§ **Task directions**:
When you reach the line containing "Sneaker, leather, animal" in the data below, begin returning lines exactly as written, and stop once the line containing "Banner with a" has been returned.

§ **Supplied records**:

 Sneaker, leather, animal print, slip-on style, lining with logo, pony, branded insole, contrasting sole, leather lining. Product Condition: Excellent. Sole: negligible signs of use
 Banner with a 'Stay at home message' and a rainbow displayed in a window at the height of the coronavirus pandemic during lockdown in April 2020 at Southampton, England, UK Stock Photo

--

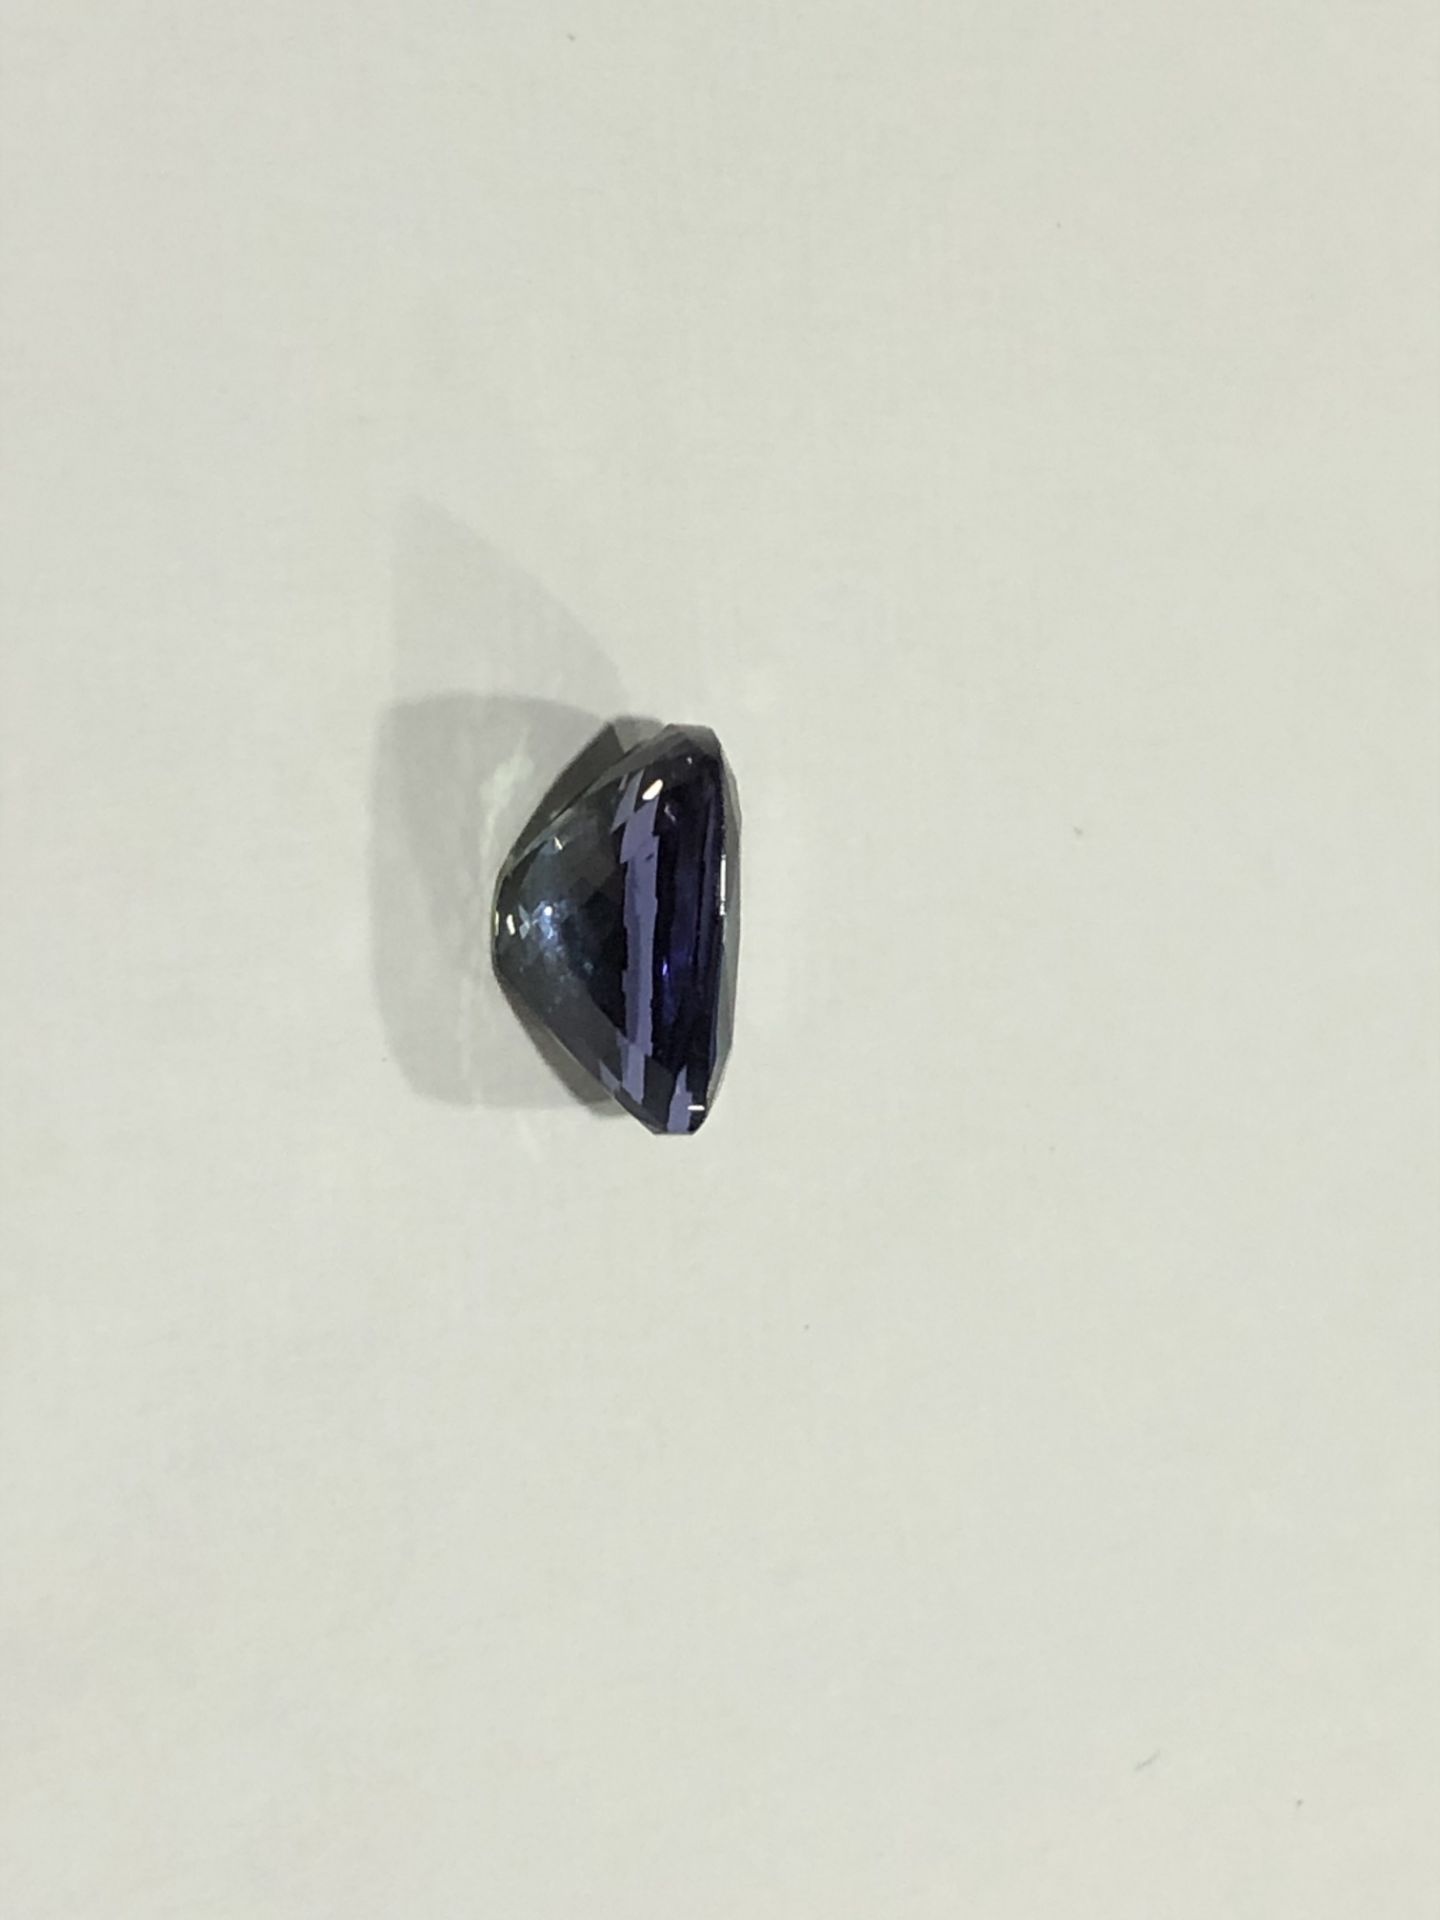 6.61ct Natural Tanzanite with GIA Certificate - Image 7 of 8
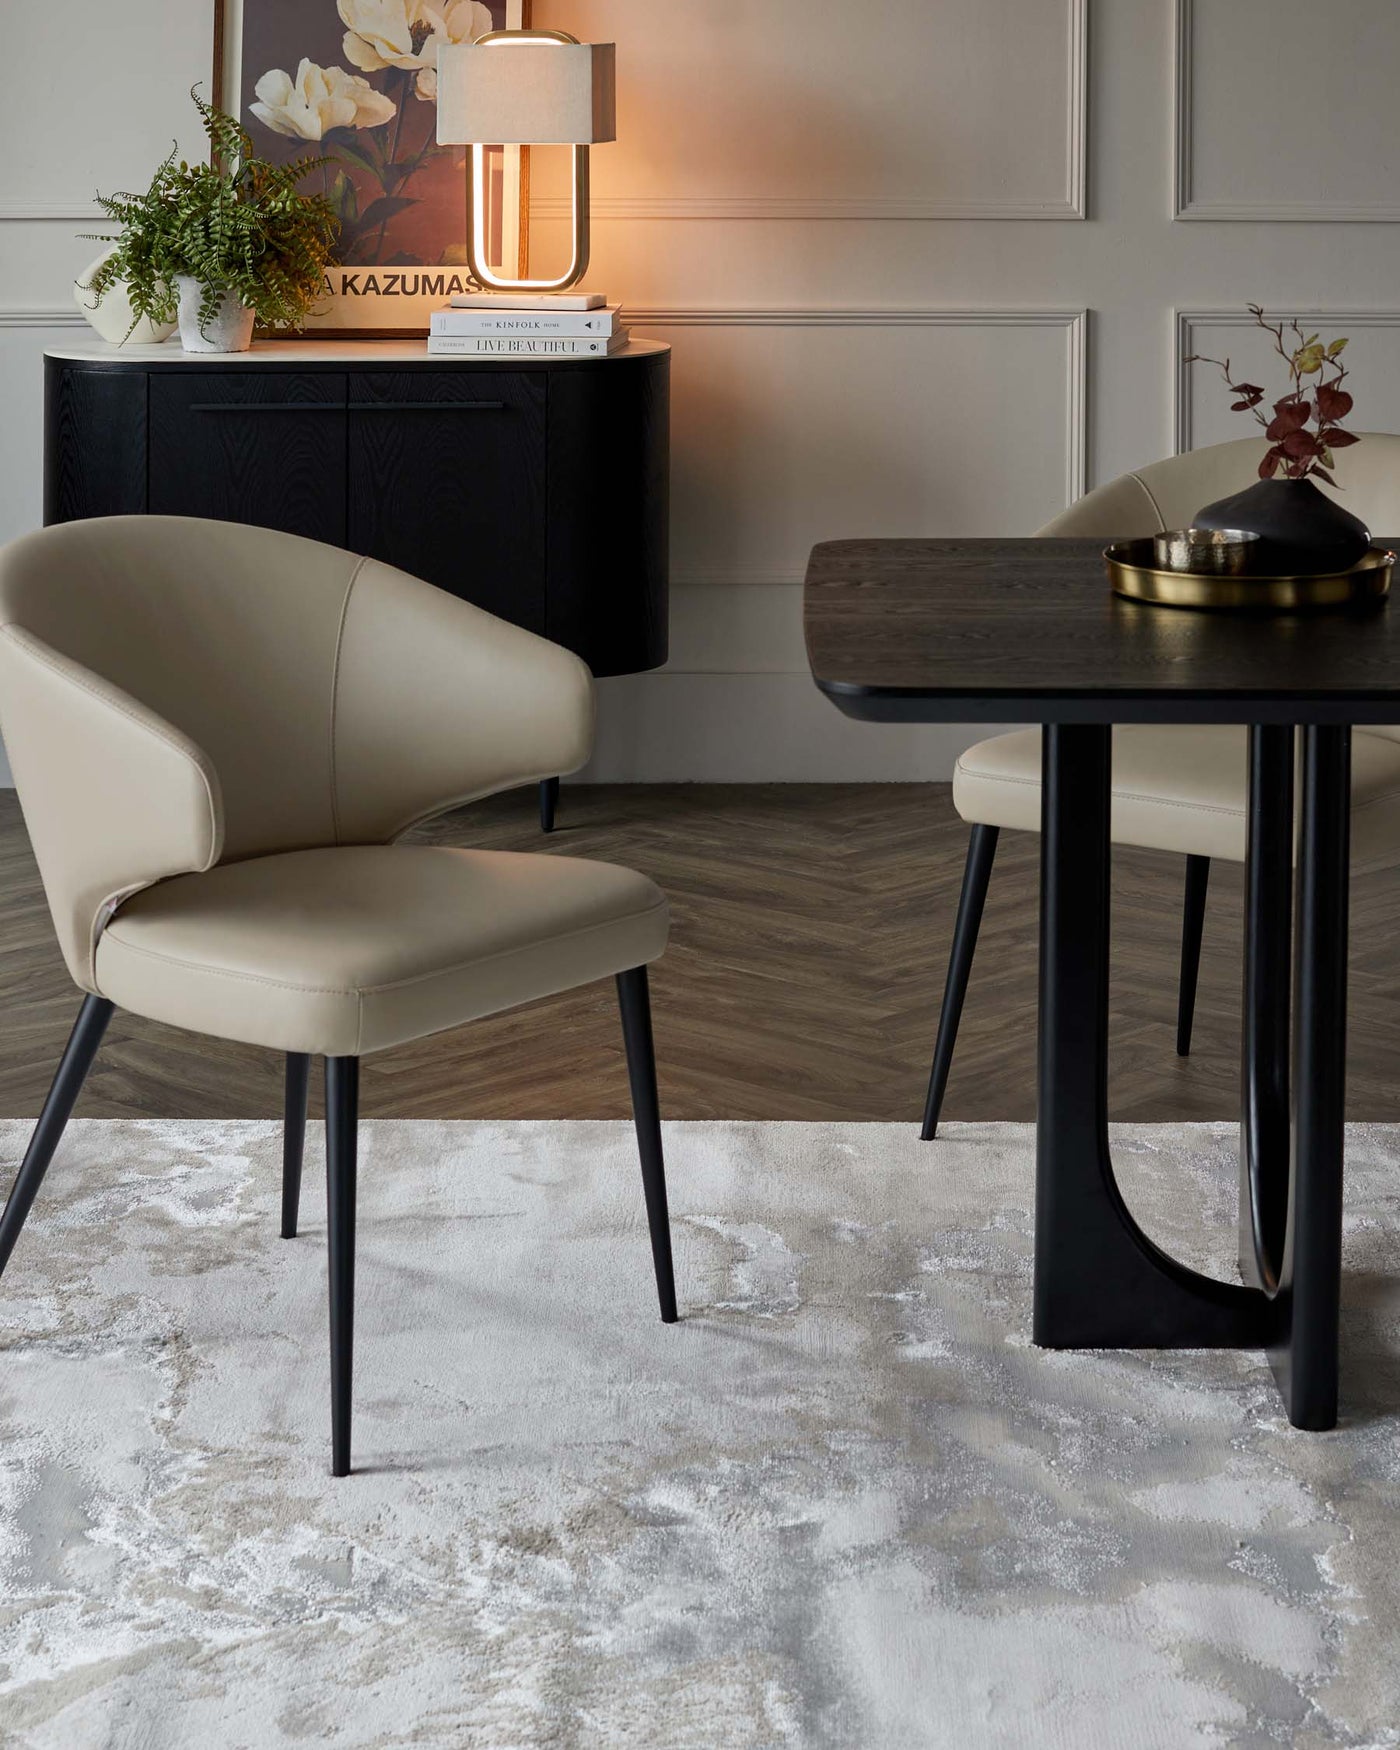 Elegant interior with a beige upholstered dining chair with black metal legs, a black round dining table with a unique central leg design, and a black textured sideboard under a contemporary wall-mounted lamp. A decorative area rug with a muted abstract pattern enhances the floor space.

§ **Exercise response**:
 Sneaker, leather, animal print, slip-on style, lining with logo, pony, branded insole, contrasting sole, leather lining. Product Condition: Excellent. Sole: negligible signs of use
 Banner with a 'Stay at home message' and a rainbow displayed in a window at the height of the coronavirus pandemic during lockdown in April 2020 at Southampton, England, UK Stock Photo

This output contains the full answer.